Bucks star Giannis Antetokounmpo has won the NBA's Defensive Player of the Year award.

Bucks star Giannis Antetokounmpo has won the NBA's Defensive Player of the Year award, the NBA announced Tuesday. 

The anchor of Milwaukee's stellar unit had 75 first-place votes, 18 second-place votes and three third-place votes. Lakers big Anthony Davis finished second in the voting while Jazz center Rudy Gobert, 76ers guard Ben Simmons and Heat forward Bam Adebayo finished third, fourth and fifth, respectively. 

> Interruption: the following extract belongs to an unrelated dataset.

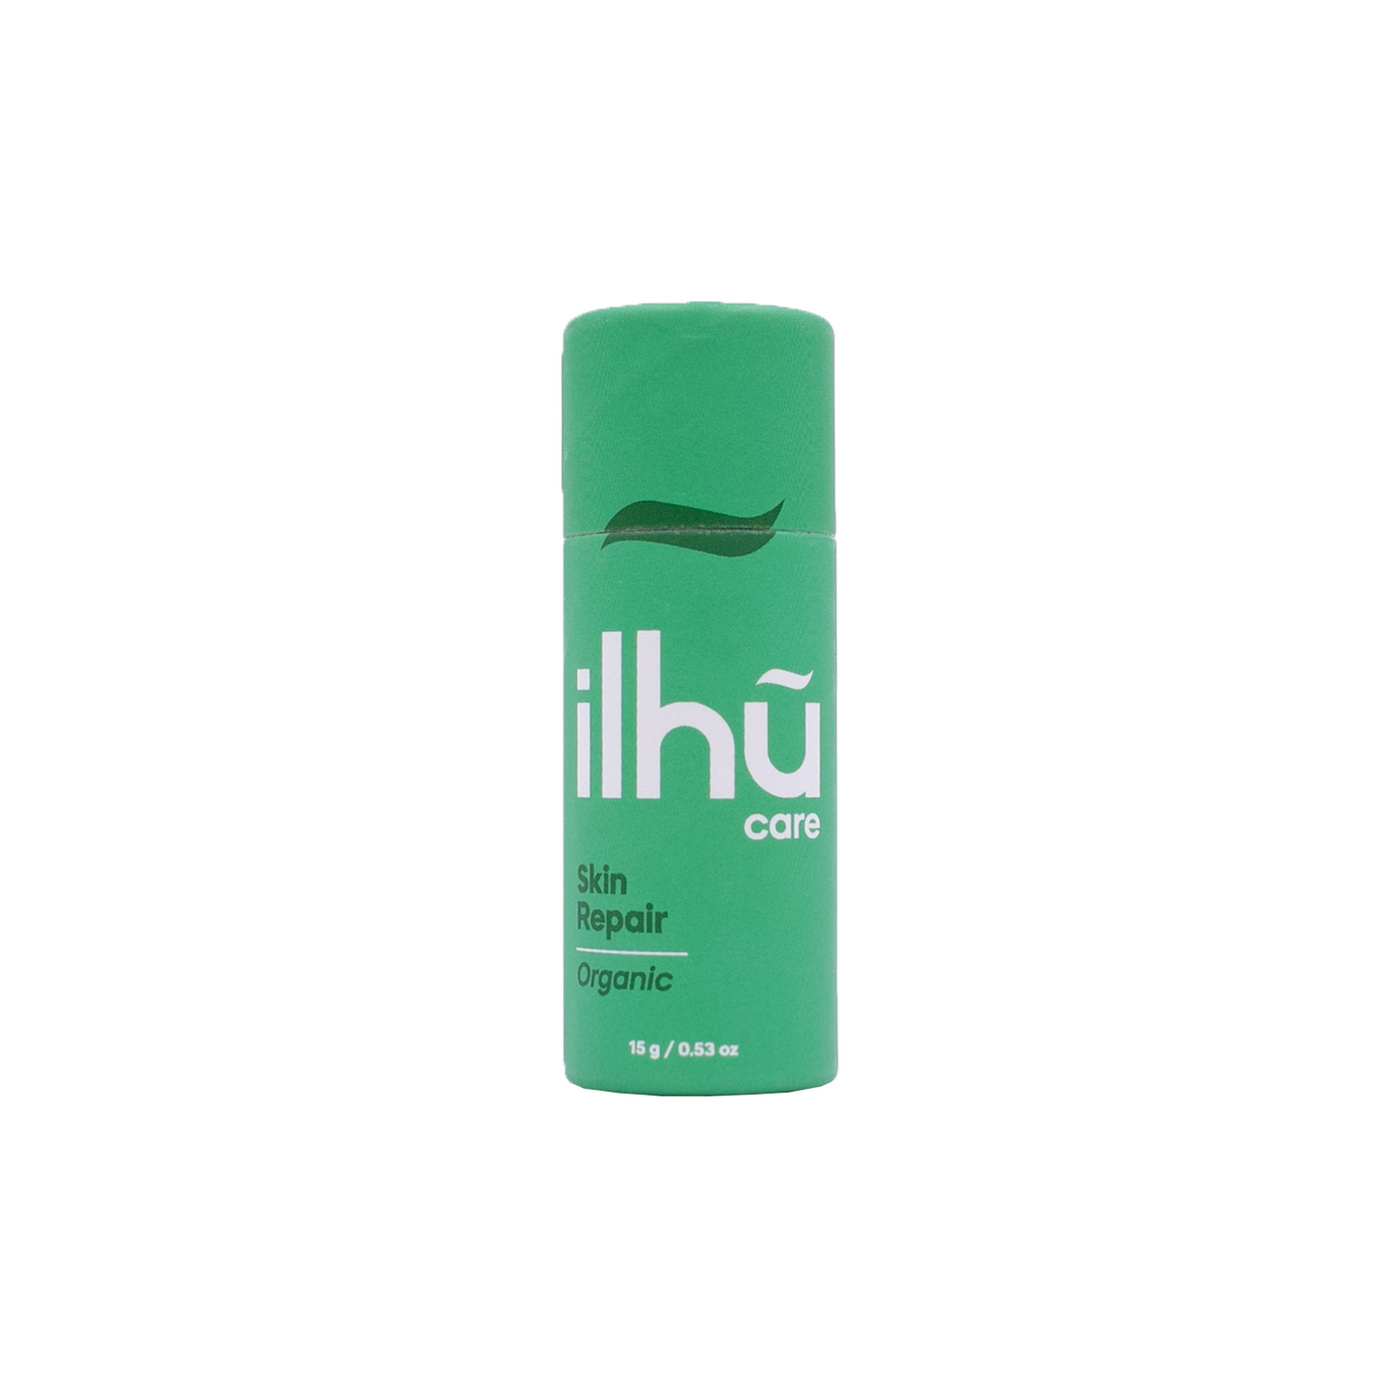 ilhu - Skin Repair 15g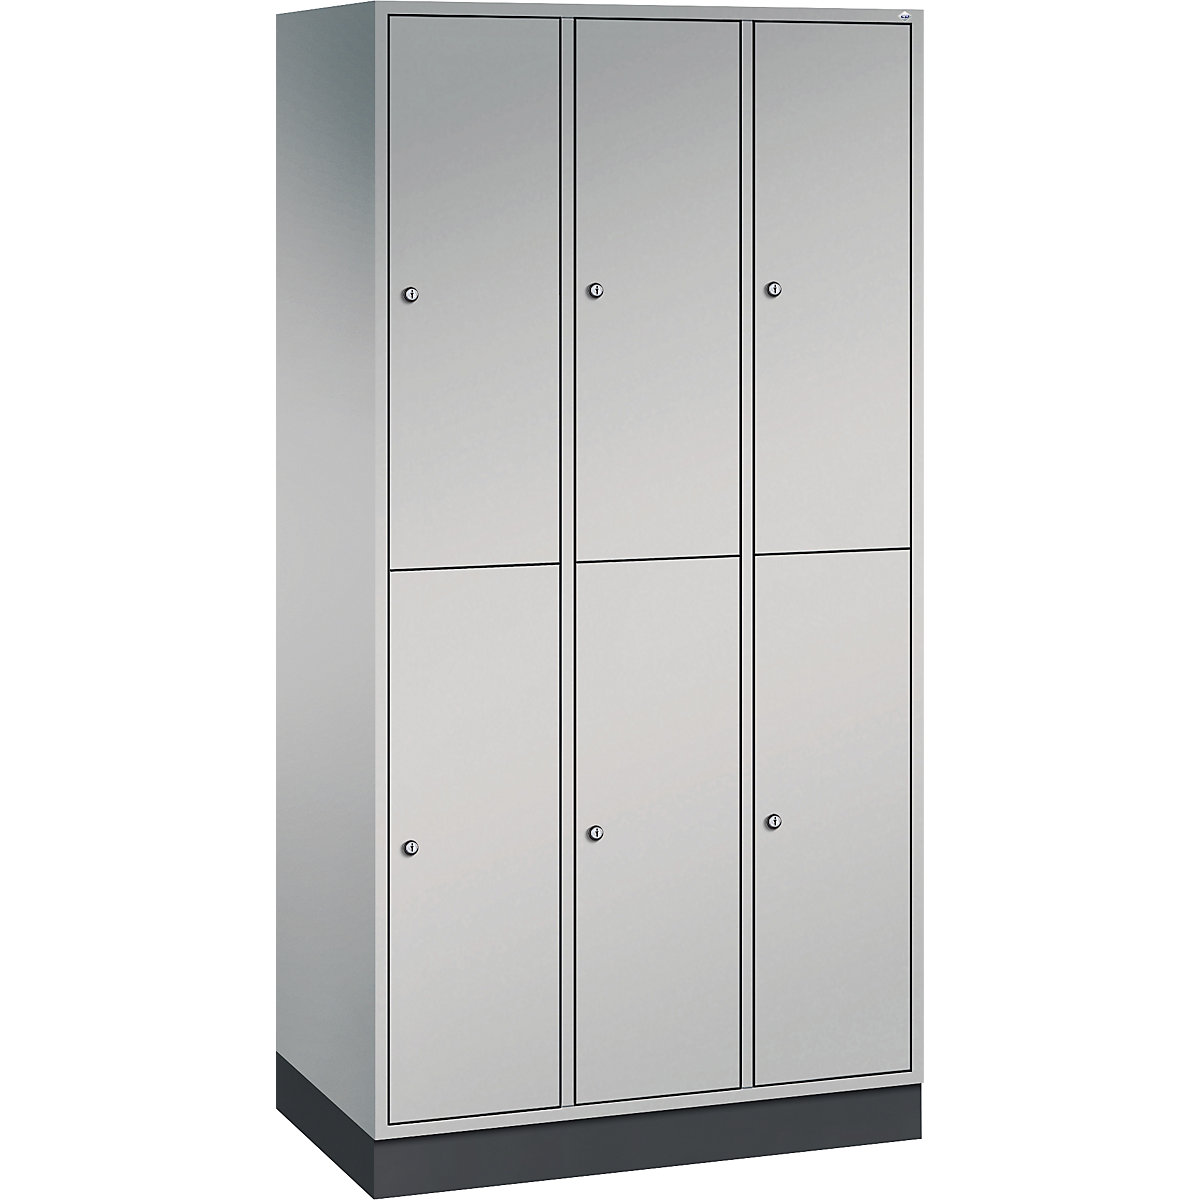 INTRO double tier steel cloakroom locker – C+P, WxD 920 x 500 mm, 6 compartments, white aluminium body, white aluminium doors

"Congrats to Giannis on being named Defensive Player of the Year," head coach Mike Budenholzer said on TNT's Inside the NBA. "His commitment to defending, his commitment to winning is beyond incredible. He impacts the game with his blocked shots, with his rebounding, with his ability to guard all five positions, his chase down blocks, his challenge to do everything defensively. His talent is beyond special and combined with his team, it's made for a very special moment and for us to recognize him as the Defensive Player of the Year."

In games played through March 11, Antetokounmpo led the Bucks to the NBA’s best defensive rating as they allowed 101.6 points per 100 possessions. From the start of the regular season through the March 11 stoppage, Milwaukee’s opponents also shot an NBA-low 41.3% from the field.

Antetokounmpo won the 2018–19 MVP award and is favored to take home the 2019–20 award. Only Michael Jordan and Hakeem Olajuwon won both the MVP and Defensive Player of the Year award in the same season. Just five players in league history have won both awards in the same career. 

The Bucks look to close out the Magic on Wednesday and advance to the Eastern Conference semifinals. Tipoff for Wednesday's game is at 4 p.m. ET.